In this interview with Dr. Daniel Redwood, Dr. Dillard discusses the growing collaboration among medical doctors, chiropractors and other health professionals, emphasizing the need for cooperation, coordination and making well-informed choices. He explains that while many chronic pain patients need medication in order to function, it is possible to limit the need for such medication through approaches including chiropractic, massage, yoga, meditation and a whole foods diet.

You’re the only doctor I know about who has degrees in chiropractic, acupuncture and medicine. In what order did you study these disciplines and what led you from one to the next?

There was no grand plan to do something like this. Somebody who would create a grand plan to go through all of that would probably be mentally ill. I think people evolve and their thinking evolves. Experience teaches you things if you stay awake. Experience will lead into your next challenge, your next framework.
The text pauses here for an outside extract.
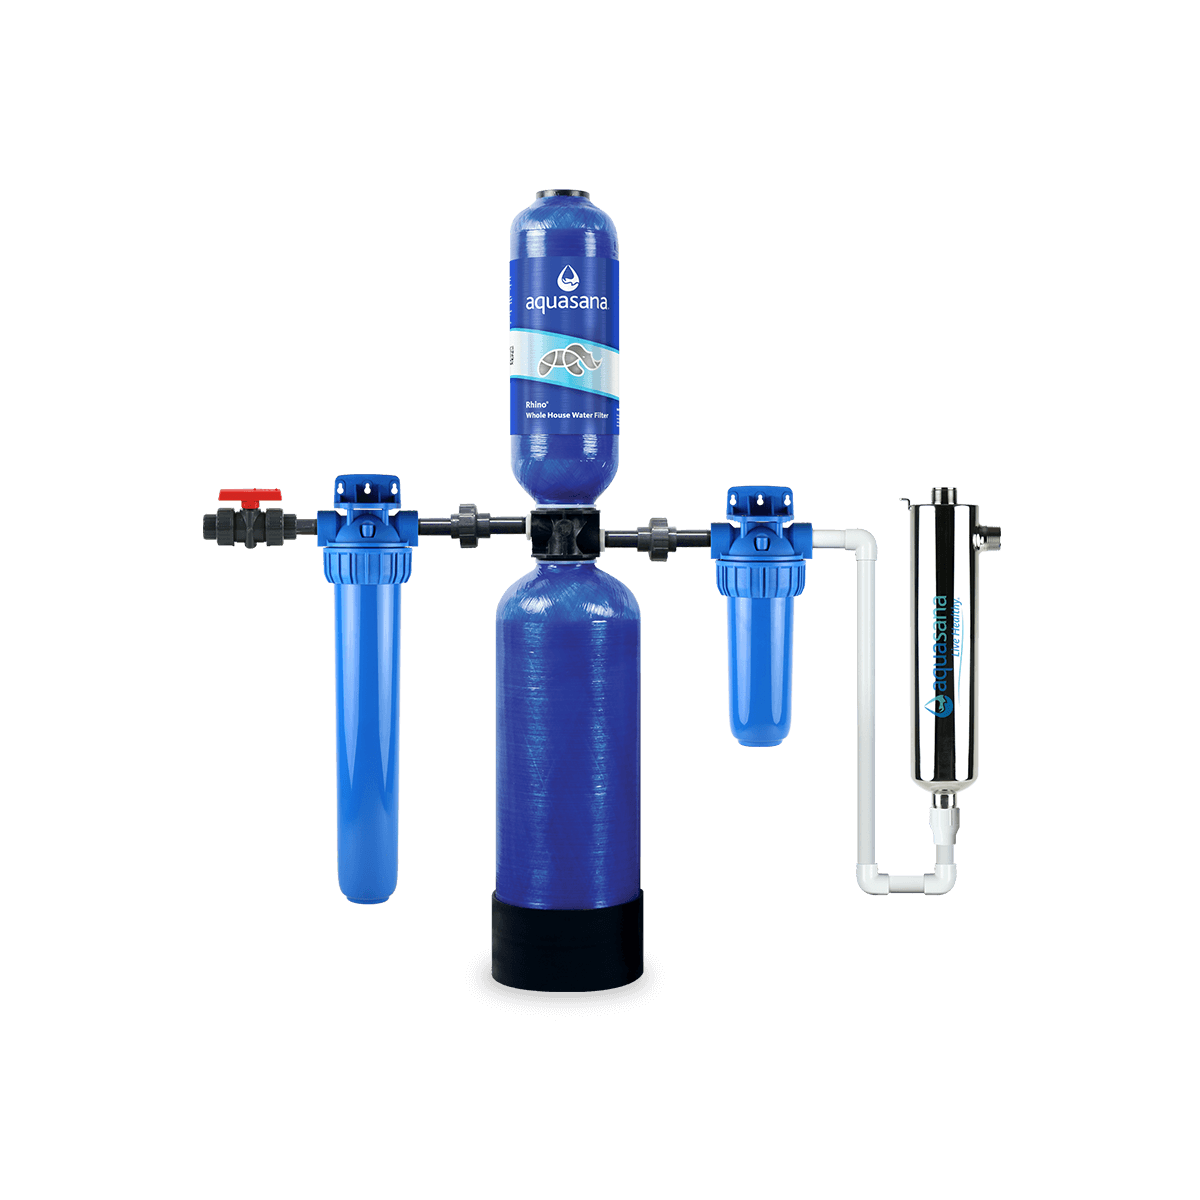 Rhino Whole House Water Filter System For Home With UV Filter, 10 Year 1,000,000 Gallon Removes 99% of Bacteria & Viruses Aquasana

A problem that many of us have is that it’s not that hard to get stuck where you are, where you’ve been, and how you think about things.
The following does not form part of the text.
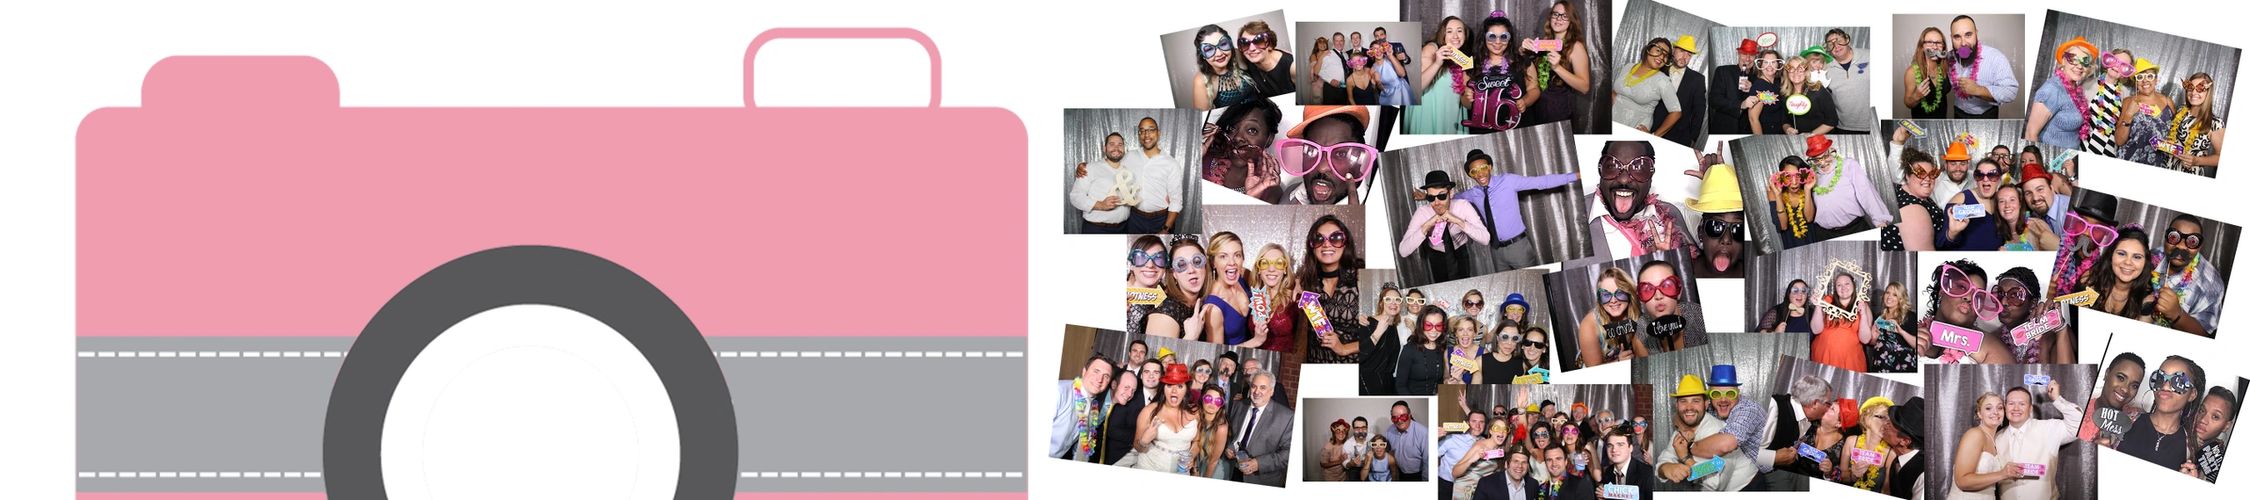 STL St. Louis photo booth rental weddings parties events fun private celebrate

The disciplines that originally interested me were primarily the hands-on disciplines. The first one I studied was Jin Shin Do acupressure, which involved putting my hands on people in a therapeutic way, which is certainly something that a lot of chiropractors do. Chiropractic and acupuncture training were an extension of that original interest from Jin Shin Do acupressure.

After I practiced for a couple of years, it was clear that many of my patients were taking medication and many were having surgery. I was curious about these stronger therapeutics and particularly surgery. How do you cut somebody open and sew him up without killing him? I think it’s a lifelong pattern of being curious about how these things are done. Not that it’s good or bad, important or unimportant, or superior or inferior. Just, “How does that work?”

You mentioned that the hands-on healing arts attracted you first. Do you feel that palpation has become something of a lost art in medicine?

Oh, absolutely. It’s become a lost art because medical doctors rely inordinately on fancy scans, fancy tests, a lot of lab work, and the art of physical diagnosis is not as strong as it used to be. The older MDs who trained me were phenomenal with their physical exam skills. They could find all kinds of things by listening and touching. The palpatory skills that one learns as a chiropractor, and to some extent as an acupuncturist, are definitely lost from conventional medicine.

You are a pain management specialist. To what extent are patients who come to you dependent on pain medications? And of these, how many could manage their pain with less medication, with no medication, or with different medications?